START Available data

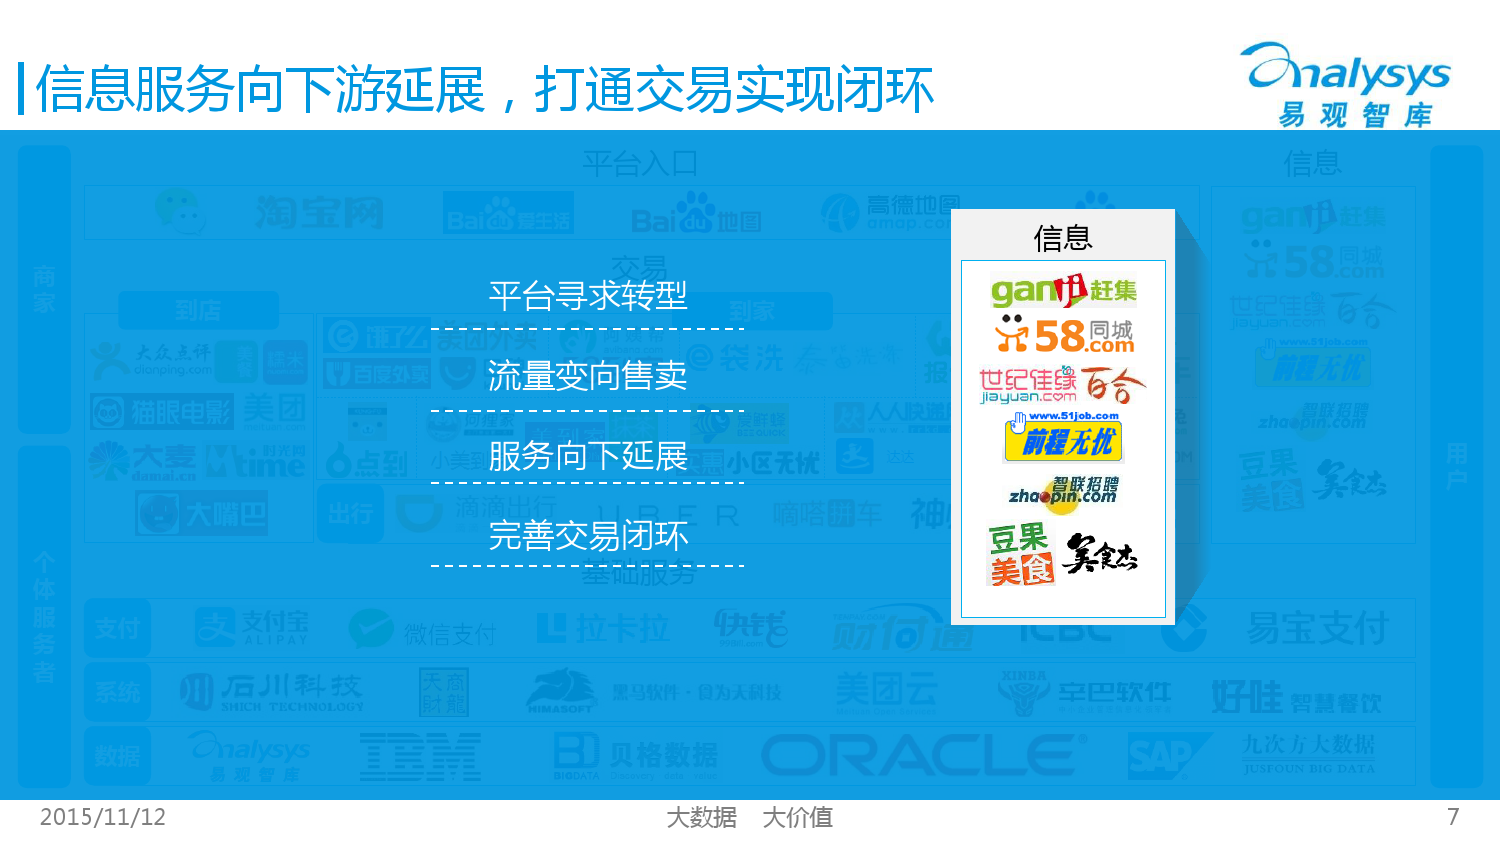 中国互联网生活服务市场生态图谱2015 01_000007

END Available data
START Available data

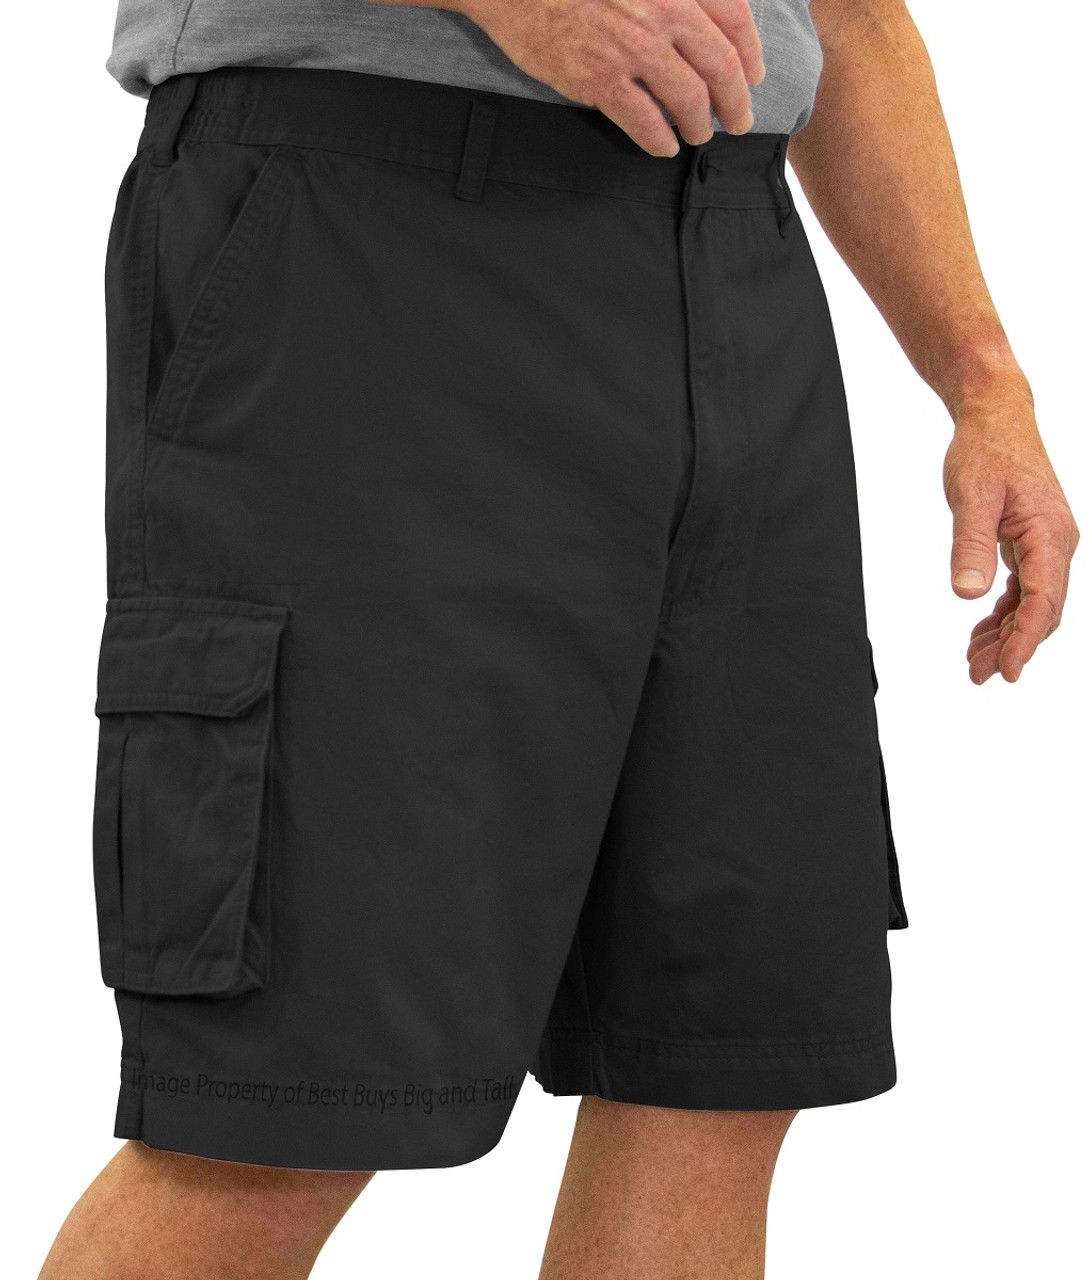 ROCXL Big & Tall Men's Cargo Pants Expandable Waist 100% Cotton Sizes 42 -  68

END Available data
START Available data

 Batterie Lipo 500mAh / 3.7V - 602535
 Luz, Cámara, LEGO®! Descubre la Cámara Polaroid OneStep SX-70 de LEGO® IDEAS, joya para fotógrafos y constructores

END Available data

Directions for this task ::
Using only the entries above, output the line with "Batterie Lipo 500mAh / 3.7V - 602535", the line with "Luz, Cámara, LEGO®!", and all lines between them, exactly as they stand.

Exercise result ::
 Batterie Lipo 500mAh / 3.7V - 602535
 Luz, Cámara, LEGO®! Descubre la Cámara Polaroid OneStep SX-70 de LEGO® IDEAS, joya para fotógrafos y constructores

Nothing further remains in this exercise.